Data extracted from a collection
__________

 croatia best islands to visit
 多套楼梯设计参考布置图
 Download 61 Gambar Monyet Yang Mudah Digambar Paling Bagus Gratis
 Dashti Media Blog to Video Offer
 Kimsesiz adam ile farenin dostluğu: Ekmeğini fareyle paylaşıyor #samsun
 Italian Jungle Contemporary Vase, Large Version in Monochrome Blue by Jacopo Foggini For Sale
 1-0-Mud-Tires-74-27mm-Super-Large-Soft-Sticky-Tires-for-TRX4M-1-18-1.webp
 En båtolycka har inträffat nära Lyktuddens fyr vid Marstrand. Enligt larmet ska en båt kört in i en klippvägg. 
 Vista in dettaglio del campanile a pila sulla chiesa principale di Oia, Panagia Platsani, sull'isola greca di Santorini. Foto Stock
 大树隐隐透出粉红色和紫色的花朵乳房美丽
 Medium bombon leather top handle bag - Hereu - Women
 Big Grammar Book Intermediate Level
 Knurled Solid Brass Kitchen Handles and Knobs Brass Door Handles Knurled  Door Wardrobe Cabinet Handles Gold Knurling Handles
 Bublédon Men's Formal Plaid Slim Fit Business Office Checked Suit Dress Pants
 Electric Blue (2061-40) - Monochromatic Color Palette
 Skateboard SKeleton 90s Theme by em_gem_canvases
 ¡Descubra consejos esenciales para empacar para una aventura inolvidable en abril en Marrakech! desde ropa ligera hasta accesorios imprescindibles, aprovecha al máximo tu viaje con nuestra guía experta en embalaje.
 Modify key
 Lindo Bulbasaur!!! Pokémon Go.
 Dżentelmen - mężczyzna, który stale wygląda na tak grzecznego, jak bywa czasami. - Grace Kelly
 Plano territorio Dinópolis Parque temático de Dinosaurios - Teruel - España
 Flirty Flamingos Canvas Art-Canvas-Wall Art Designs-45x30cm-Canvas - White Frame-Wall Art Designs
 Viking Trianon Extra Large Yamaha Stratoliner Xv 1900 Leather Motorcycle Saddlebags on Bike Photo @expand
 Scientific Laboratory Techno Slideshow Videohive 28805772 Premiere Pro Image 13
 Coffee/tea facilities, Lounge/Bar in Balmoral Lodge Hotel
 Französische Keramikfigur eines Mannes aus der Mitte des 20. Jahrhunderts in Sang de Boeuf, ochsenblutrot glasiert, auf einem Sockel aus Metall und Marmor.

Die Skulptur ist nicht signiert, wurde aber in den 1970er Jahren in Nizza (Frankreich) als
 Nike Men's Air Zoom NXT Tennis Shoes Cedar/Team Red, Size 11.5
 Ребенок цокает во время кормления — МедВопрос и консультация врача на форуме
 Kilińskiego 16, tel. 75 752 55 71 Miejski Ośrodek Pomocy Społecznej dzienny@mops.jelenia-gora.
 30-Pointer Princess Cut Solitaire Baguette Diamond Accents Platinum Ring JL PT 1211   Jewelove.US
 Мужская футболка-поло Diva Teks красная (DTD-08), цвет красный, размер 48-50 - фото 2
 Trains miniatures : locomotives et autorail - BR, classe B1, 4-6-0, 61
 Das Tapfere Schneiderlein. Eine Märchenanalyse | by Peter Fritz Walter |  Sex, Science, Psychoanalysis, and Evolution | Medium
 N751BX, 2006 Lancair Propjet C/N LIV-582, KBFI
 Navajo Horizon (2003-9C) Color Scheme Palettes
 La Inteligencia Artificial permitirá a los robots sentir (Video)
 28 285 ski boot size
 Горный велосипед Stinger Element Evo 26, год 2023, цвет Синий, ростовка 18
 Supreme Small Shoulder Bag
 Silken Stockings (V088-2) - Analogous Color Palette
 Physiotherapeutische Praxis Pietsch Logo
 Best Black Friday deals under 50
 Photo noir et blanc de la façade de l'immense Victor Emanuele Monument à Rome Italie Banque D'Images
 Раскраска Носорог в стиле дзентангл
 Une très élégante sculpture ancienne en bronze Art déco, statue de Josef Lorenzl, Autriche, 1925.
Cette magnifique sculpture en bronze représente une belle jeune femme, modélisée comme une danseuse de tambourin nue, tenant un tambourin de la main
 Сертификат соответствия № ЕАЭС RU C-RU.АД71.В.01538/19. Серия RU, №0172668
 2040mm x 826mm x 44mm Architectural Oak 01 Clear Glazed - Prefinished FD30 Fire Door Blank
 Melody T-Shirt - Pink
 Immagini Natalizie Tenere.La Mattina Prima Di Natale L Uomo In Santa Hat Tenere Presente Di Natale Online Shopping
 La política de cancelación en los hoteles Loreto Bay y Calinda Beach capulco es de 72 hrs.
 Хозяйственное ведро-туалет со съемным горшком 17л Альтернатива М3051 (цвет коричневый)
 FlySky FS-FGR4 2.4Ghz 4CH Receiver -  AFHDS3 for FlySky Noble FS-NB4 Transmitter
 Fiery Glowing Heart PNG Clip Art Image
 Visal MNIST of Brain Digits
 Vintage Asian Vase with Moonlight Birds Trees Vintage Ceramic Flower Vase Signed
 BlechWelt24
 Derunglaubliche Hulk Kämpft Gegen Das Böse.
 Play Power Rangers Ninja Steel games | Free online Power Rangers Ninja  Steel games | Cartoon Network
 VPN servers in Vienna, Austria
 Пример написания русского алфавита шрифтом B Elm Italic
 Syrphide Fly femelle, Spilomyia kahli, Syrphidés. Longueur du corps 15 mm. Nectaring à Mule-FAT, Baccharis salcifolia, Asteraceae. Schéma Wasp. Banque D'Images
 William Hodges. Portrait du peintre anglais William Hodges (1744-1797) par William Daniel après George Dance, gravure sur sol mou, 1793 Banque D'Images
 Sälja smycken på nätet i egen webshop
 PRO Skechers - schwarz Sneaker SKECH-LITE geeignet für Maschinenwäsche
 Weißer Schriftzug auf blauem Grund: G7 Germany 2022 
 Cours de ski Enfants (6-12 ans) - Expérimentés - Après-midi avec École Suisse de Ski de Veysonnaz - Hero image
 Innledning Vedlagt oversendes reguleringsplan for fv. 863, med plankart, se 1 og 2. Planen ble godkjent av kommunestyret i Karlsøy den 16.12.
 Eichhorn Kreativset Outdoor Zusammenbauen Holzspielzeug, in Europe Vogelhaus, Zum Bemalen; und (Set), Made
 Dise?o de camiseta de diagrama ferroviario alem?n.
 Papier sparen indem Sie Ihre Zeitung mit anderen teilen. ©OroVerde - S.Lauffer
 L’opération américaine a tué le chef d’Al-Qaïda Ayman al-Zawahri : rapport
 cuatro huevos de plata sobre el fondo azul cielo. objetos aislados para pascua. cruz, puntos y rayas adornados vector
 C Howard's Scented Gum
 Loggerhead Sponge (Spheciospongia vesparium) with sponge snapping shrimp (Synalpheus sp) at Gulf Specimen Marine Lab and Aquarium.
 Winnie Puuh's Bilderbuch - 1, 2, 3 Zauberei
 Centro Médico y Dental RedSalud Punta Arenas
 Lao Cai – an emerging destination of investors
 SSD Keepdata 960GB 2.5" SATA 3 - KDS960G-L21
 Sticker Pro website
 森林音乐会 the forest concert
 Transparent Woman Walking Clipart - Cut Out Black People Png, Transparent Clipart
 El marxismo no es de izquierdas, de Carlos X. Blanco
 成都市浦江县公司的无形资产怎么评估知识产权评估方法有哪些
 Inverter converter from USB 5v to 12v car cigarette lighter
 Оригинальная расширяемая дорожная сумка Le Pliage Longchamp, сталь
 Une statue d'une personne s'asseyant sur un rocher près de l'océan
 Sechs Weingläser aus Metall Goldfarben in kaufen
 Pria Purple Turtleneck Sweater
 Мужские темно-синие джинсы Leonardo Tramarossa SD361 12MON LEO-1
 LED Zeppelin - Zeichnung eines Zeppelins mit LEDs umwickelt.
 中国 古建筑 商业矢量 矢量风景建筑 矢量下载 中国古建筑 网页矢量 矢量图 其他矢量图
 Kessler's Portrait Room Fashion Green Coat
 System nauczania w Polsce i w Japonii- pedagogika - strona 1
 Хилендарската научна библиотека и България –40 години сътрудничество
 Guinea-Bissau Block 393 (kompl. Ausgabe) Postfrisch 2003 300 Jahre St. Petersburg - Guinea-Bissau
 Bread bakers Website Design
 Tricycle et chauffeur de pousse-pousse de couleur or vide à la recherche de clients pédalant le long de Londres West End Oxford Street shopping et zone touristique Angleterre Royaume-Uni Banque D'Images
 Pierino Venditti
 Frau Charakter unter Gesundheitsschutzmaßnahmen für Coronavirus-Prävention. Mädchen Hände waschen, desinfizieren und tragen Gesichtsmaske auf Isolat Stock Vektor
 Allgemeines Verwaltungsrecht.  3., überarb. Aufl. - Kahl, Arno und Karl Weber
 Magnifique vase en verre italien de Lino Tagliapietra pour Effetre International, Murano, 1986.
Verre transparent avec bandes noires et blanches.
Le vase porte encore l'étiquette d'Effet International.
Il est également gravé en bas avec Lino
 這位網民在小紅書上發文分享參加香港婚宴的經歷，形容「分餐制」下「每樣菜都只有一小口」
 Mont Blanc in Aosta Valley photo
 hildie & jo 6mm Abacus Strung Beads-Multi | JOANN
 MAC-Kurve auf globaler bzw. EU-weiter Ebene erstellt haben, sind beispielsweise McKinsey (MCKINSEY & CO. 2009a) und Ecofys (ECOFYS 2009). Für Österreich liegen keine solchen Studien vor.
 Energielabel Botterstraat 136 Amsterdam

__________

- _WHAT YOU HAVE TO DO_:
Give back the records above exactly, limited to the lines between the one holding "C Howard's Scented Gum" and the one holding "Sticker Pro website", inclusive.

- _EXPECTED ANSWER_:
 C Howard's Scented Gum
 Loggerhead Sponge (Spheciospongia vesparium) with sponge snapping shrimp (Synalpheus sp) at Gulf Specimen Marine Lab and Aquarium.
 Winnie Puuh's Bilderbuch - 1, 2, 3 Zauberei
 Centro Médico y Dental RedSalud Punta Arenas
 Lao Cai – an emerging destination of investors
 SSD Keepdata 960GB 2.5" SATA 3 - KDS960G-L21
 Sticker Pro website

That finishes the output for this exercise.